Oklahoma City-based Devon Energy Corp. is shifting to development mode in its core in the STACK (aka, the Sooner Trend of the Anadarko Basin, mostly in Canadian and Kingfisher counties) and the Permian's Delaware sub-basin in 2018 as the company continues to focus on returns over growth, management said Wednesday.
Outlining the exploration and production (E&P) company's recently branded "2020 Vision," CEO Dave Hager said during a conference call to discuss 3Q2017 results that Devon expects a 2018 capital expenditure (capex) budget in the $2-2.5 billion range and that the independent will lean on efficient execution and the quality of its asset base in the STACK and Delaware to achieve production growth.
"We expect to deliver this capital spend within operating cash flow at" $50/bbl West Texas Intermediate and $3/MMBtu Henry Hub. "With current strip pricing above this base planning scenario, we have no plans to modify our capital range, and we would expect to generate free cash flow," Hager said.
"And I cannot emphasize this enough: this disciplined plan will represent a major inflection point for Devon due to a step-change in improved capital efficiency as we shift to full-field development in the STACK and Delaware, and as we leverage technology to lower our cost structure."
Hager said Devon plans to allocate more of its 2018 E&P capex to development drilling, "and we're drilling the best-return wells...we feel really good about the program not just in 2018, but well beyond 2018. We're getting in development mode, quite simply, and that's going to continue for a long time."

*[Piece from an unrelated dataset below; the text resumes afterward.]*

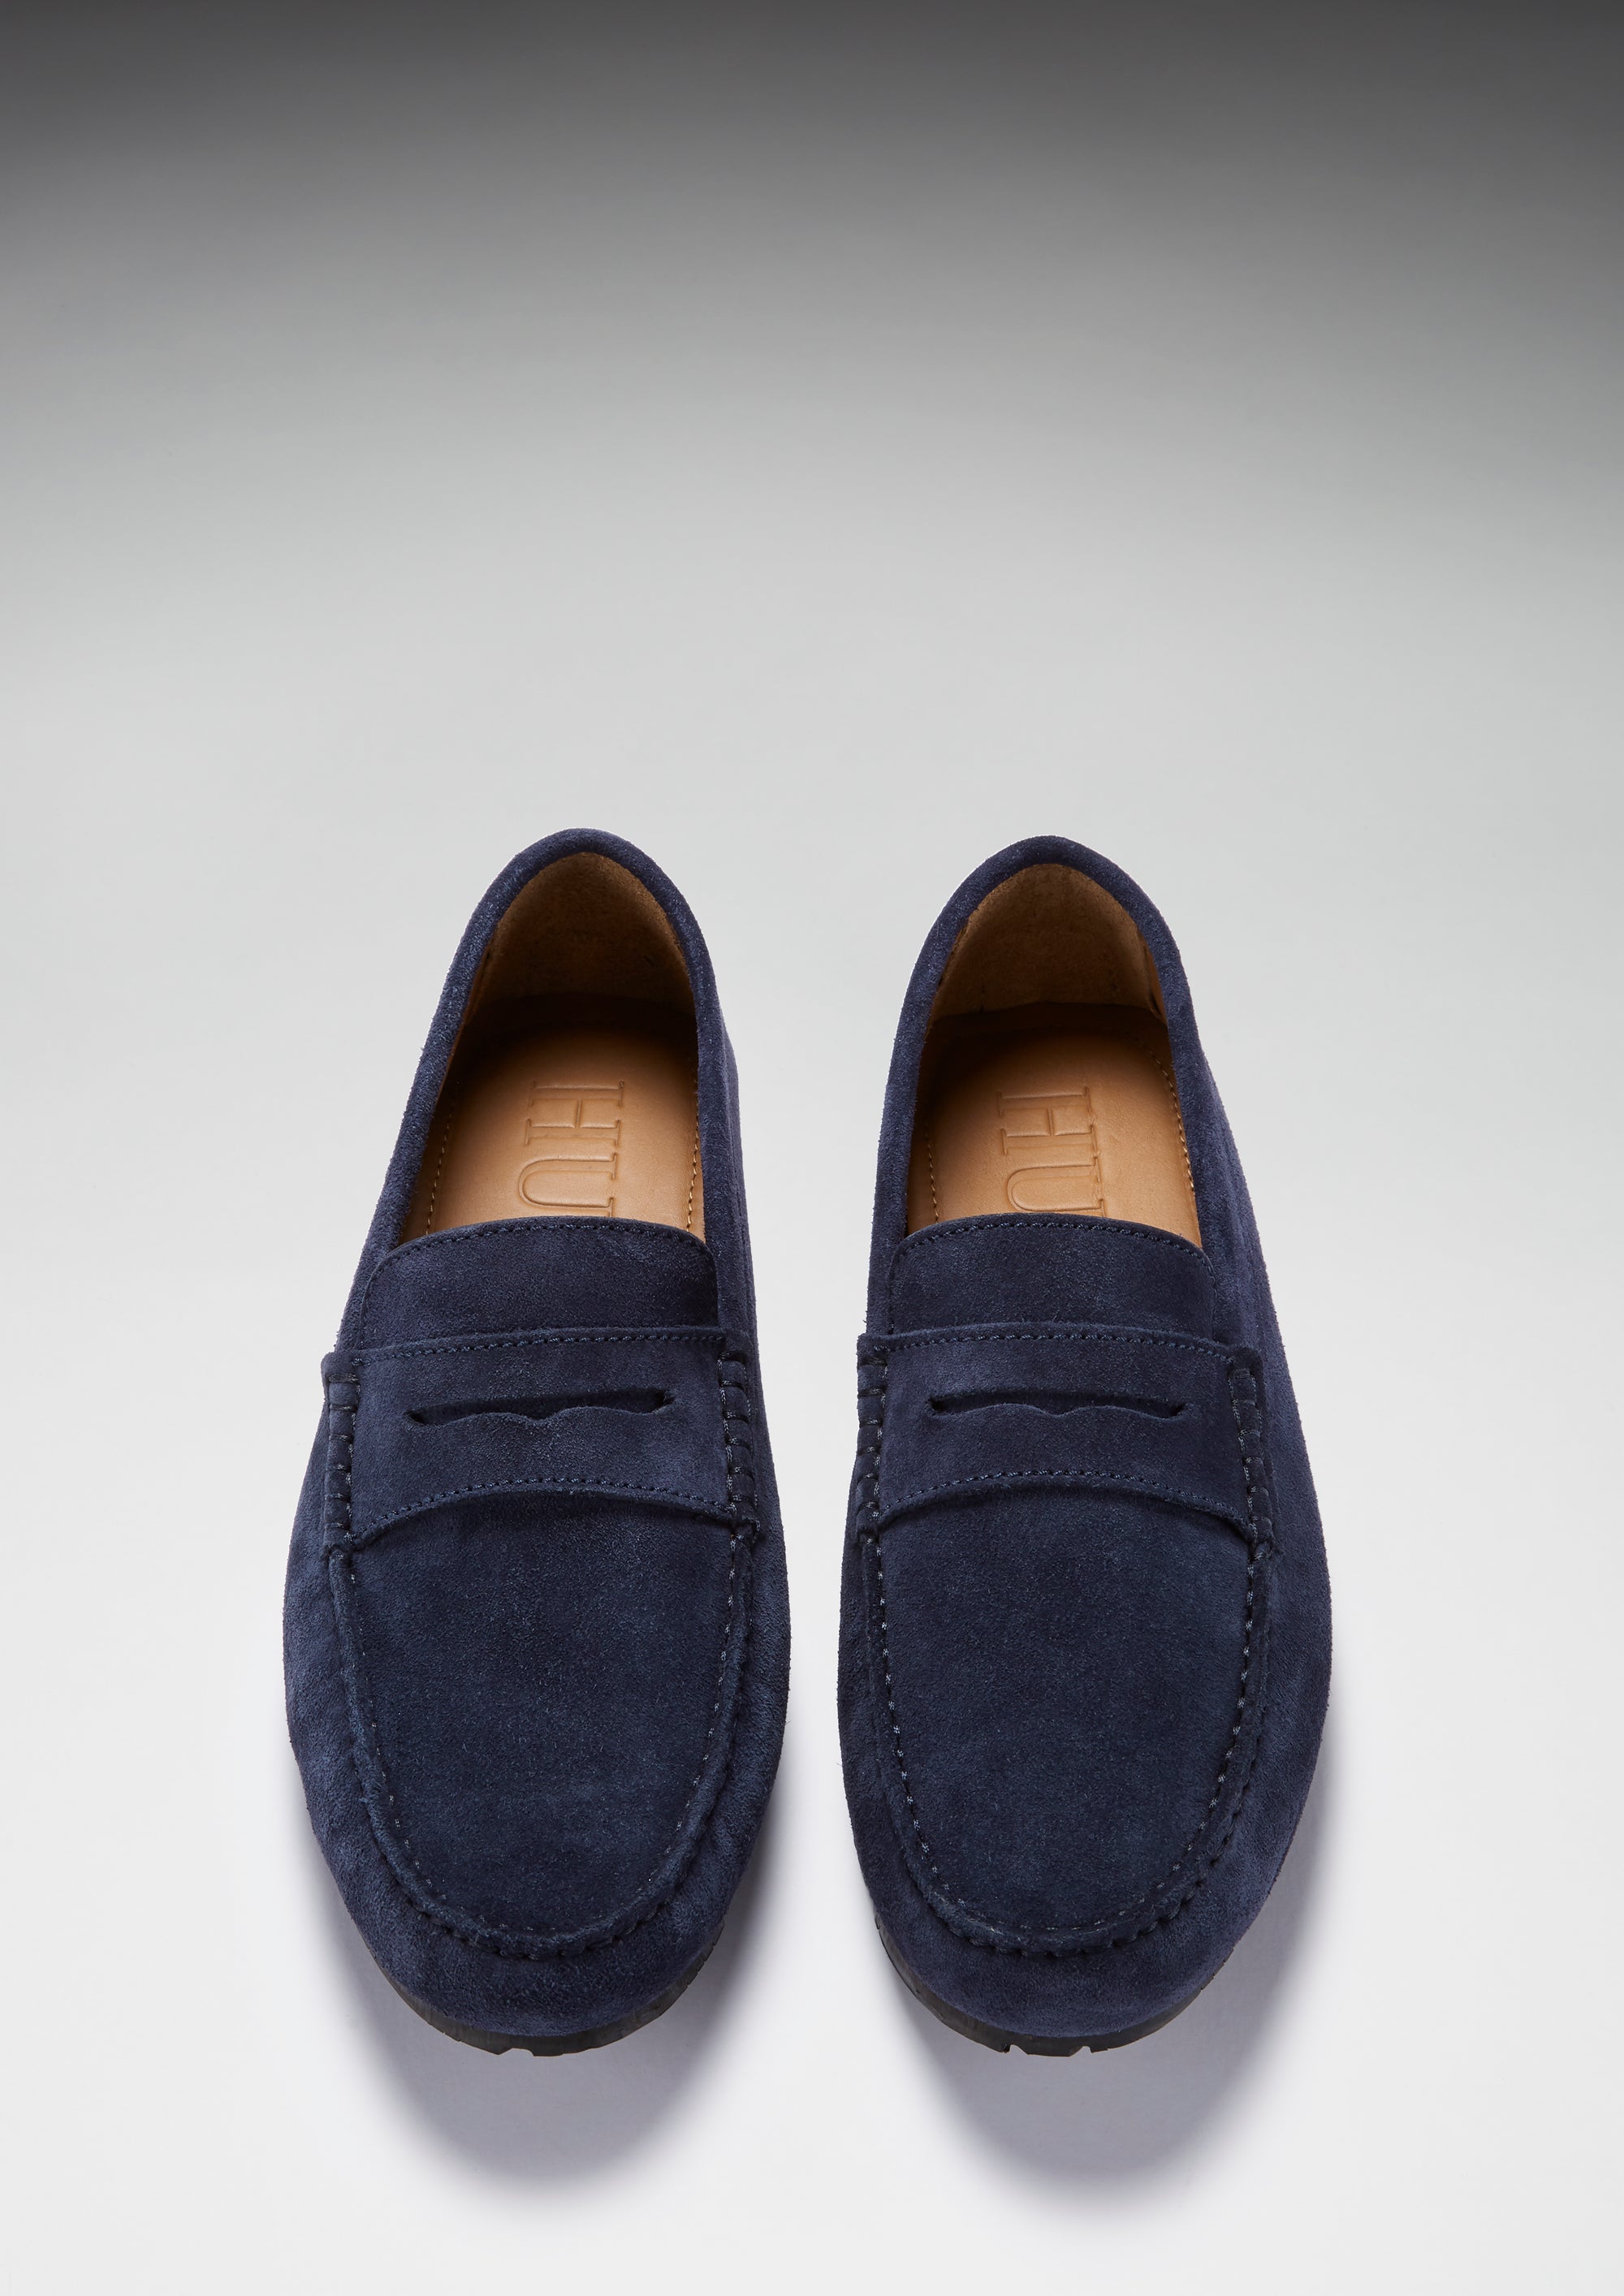 Tyre Sole Penny Driving Loafers, navy blue suede - Hugs & Co.

COO Tony Vaughn said the E&P began production on 50 new wells during the third quarter that yielded 30-day initial production (IP) rates above 2,100 boe/d while limiting capex to $548 million, below the low end of guidance.

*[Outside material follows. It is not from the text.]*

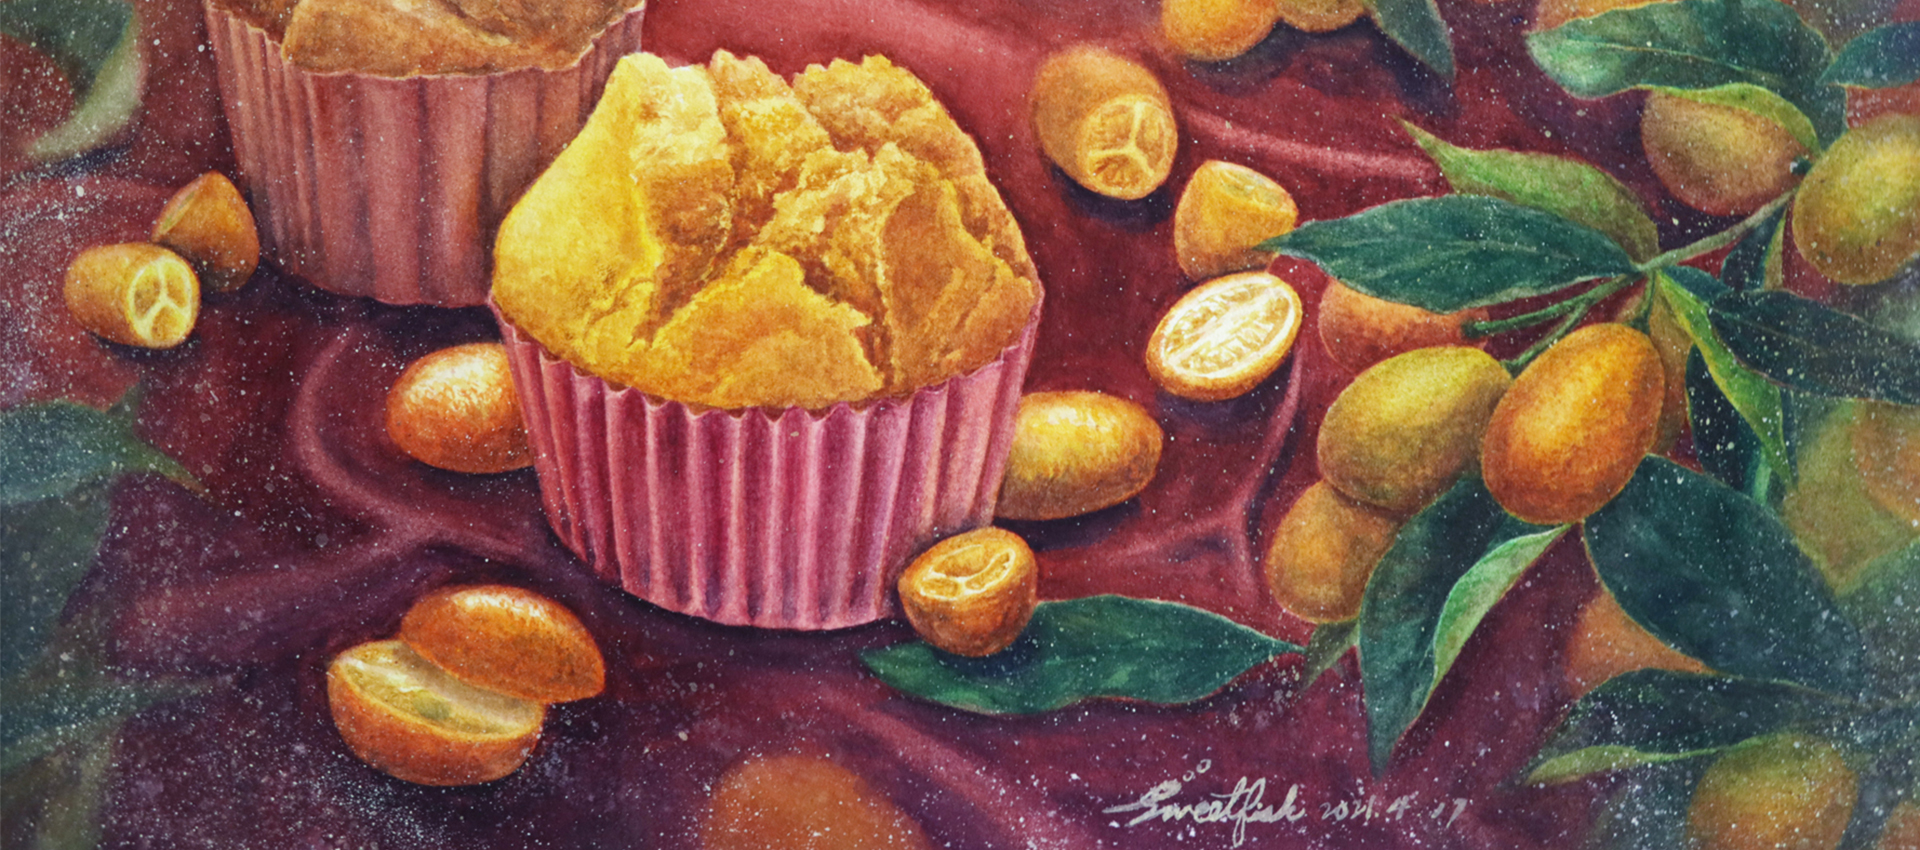 steamed-sponge-cakes-and-kumquats-food-watercolor-painting-by-sweetfish-food-art-

"To maximize the value of these stacked-pay reservoirs" in the STACK and Delaware, "our capital activity is shifting towards low-risk, multi-zone developments to increase capital efficiencies and recoveries on a per-section basis," Vaughn said.

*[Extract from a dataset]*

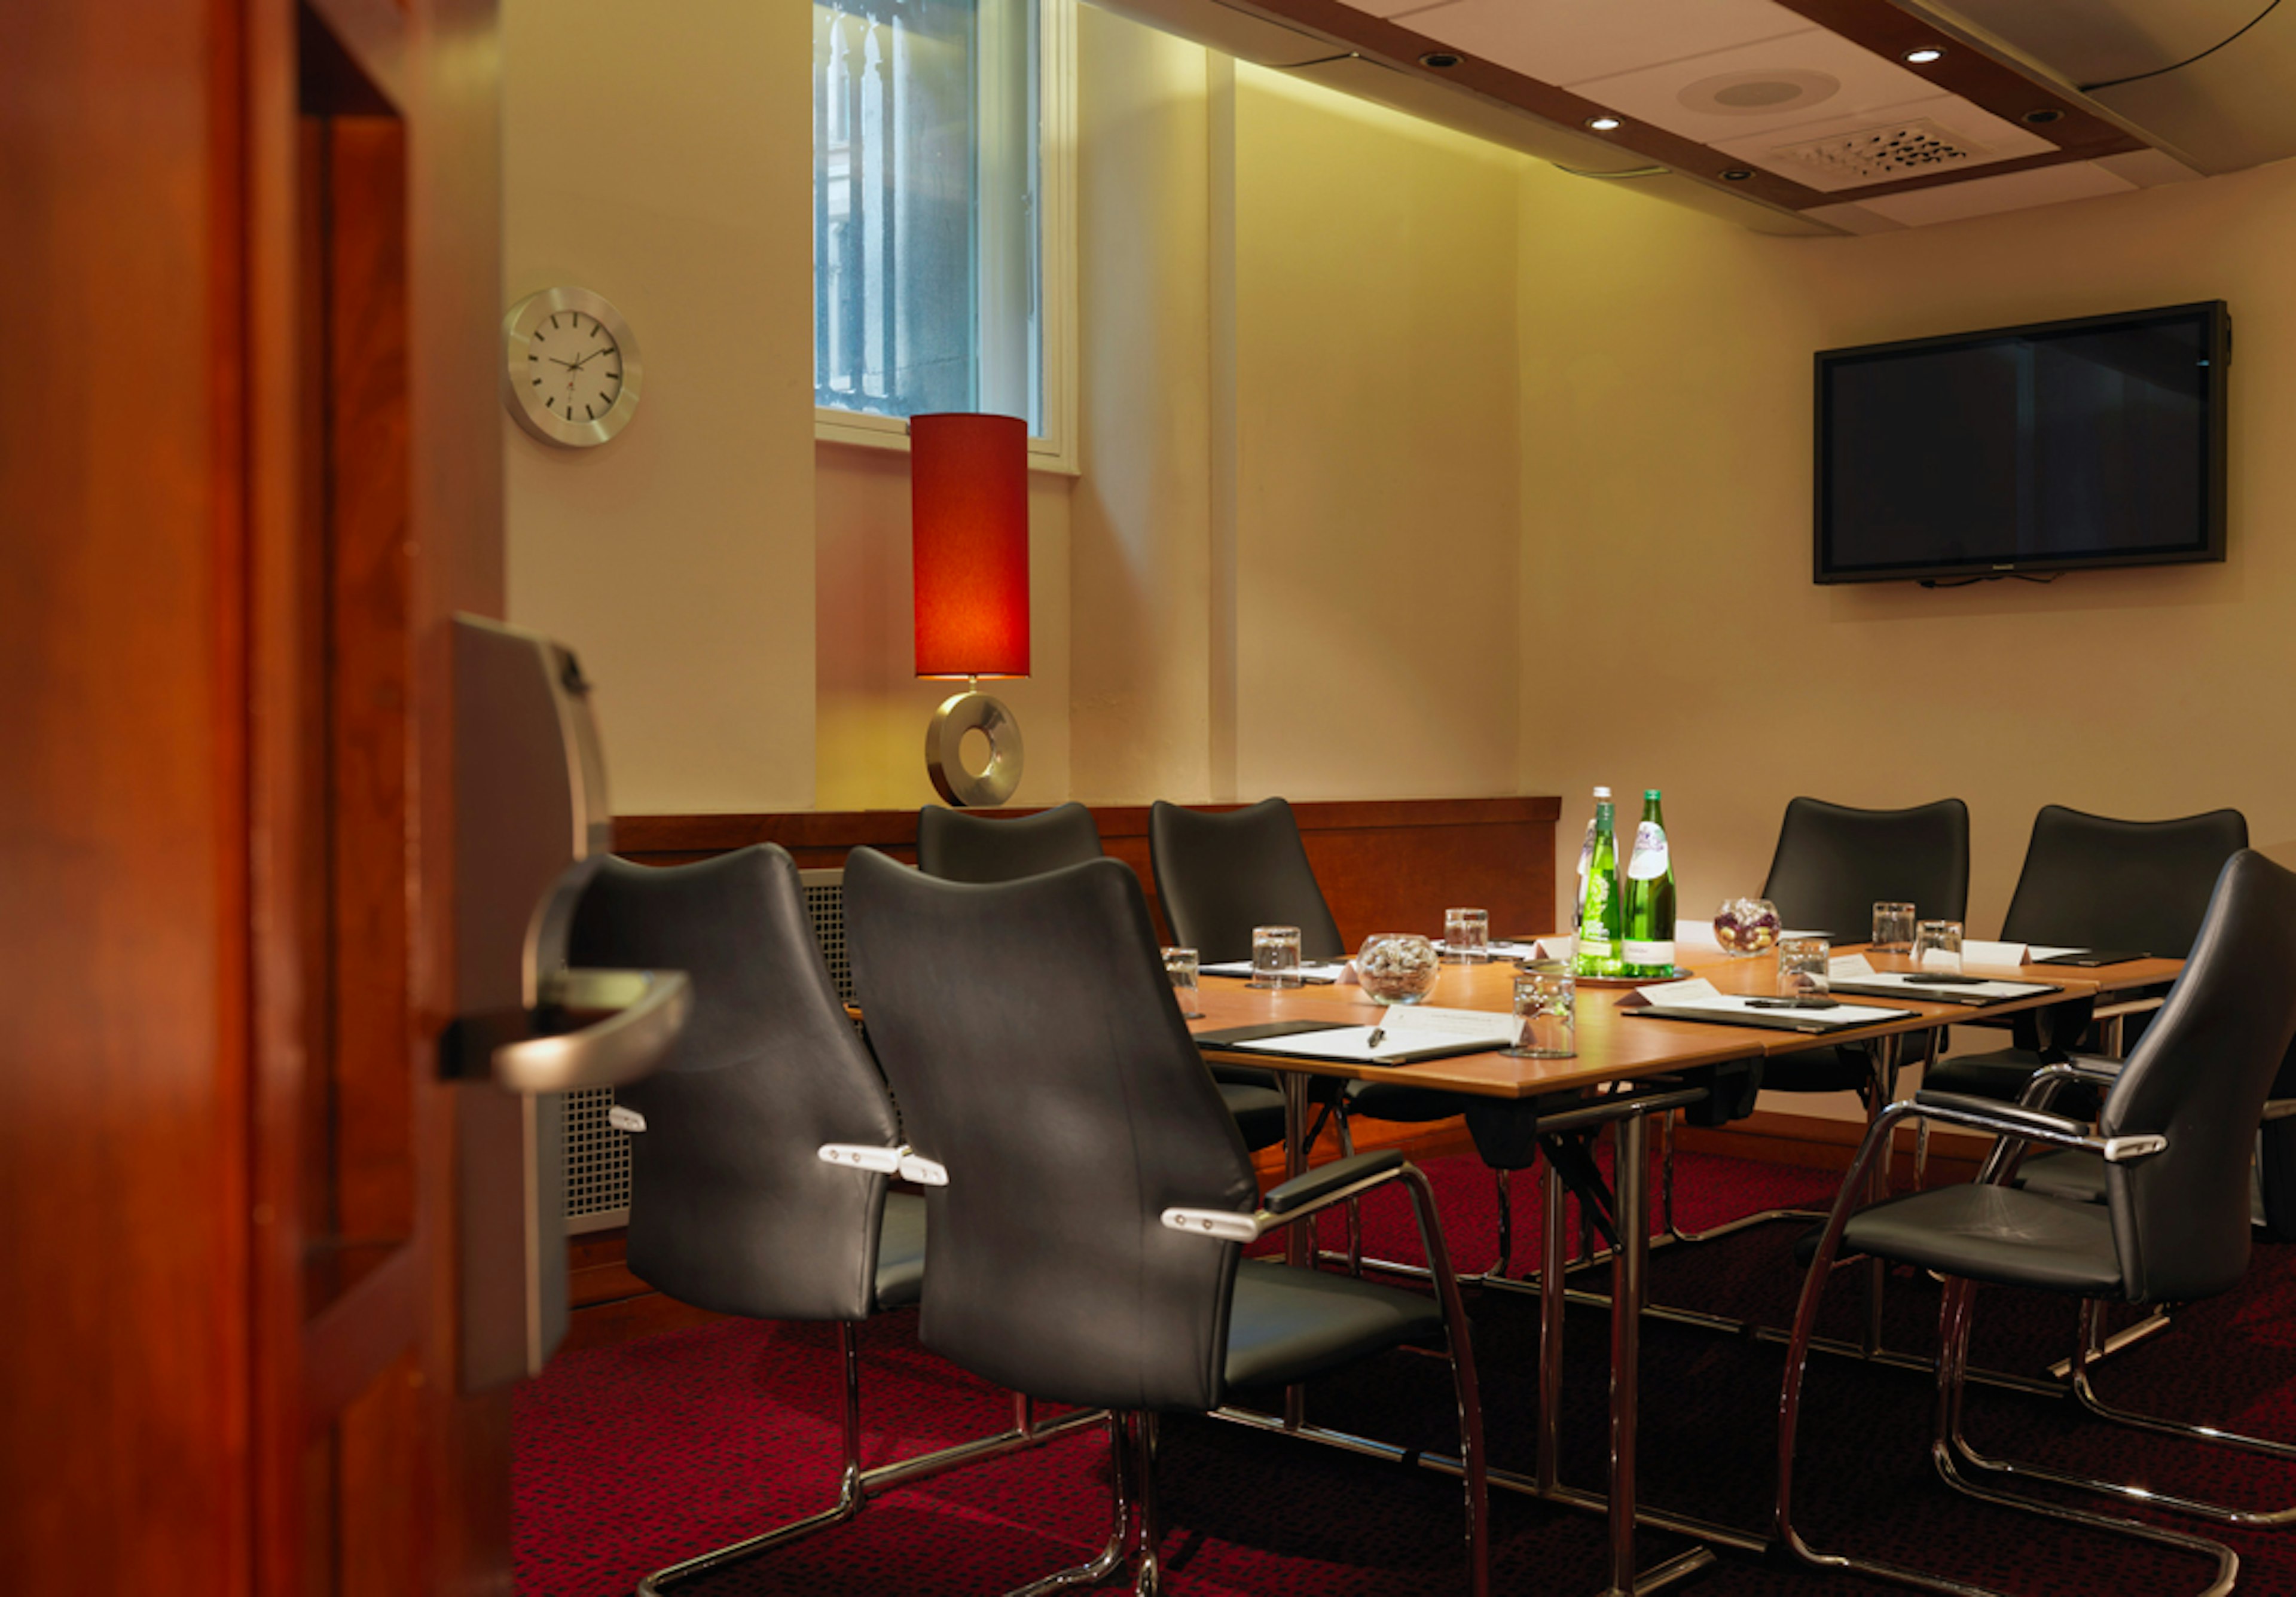 Business - Townhouse Hotel Manchester

Vaughn pointed to early results from Devon's Anaconda project, its first multi-zone development in the Delaware, where "drilling times have improved 55% compared to historic results in this area. We also attained significant efficiencies due to less move times, more repetitive operations, improved productivity from zipper fracks, and we achieved supply chain savings by de-bundling our completion work," Vaughn said.
Combining these improvements, Devon saved $1 million per well at Anaconda versus traditional pad developments while achieving a spud to first production time of 5.8 months, he said.
Devon plans to have "several multi-zone projects under development across the STACK and Delaware" by the end of the year, Vaughn said.
Company-wide production for the third quarter averaged 527,000 boe/d (44% oil), above the midpoint of its guidance after adjusting for impacts related to Hurricane Harvey. The company reported storm-related curtailments of around 15,000 boe/d (65% oil) for the quarter, mostly attributable to its Eagle Ford Shale assets in South Texas. Devon produced 577,000 boe/d in the year-ago quarter.
Devon saw the strongest asset-level performance for the quarter in the STACK, which increased 26% year-to-date to 111,000 boe/d for the quarter. That's versus 105,000 boe/d in the second quarter and 92,000 boe/d in the year-ago quarter. STACK activity in the quarter included 14 new wells brought online targeting the Meramec formation that achieved 30-day IP rates of 2,300 boe/d (55% oil), management said.
For its U.S. assets, Devon realized prices for the quarter of $47.12/bbl for oil, $15.15/bbl for natural gas liquids and $2.45/Mcf for natural gas. That's compared with year-ago realized prices of $42.51/bbl, $9.80/bbl and $2.24/Mcf, respectively.
Revenues for the quarter totaled $3.156 billion versus $4.233 billion in the year-ago quarter.
Devon reported a quarterly net income of $228 million (43 cents/share) versus net income of $993 million ($1.90/share) in the year-ago period.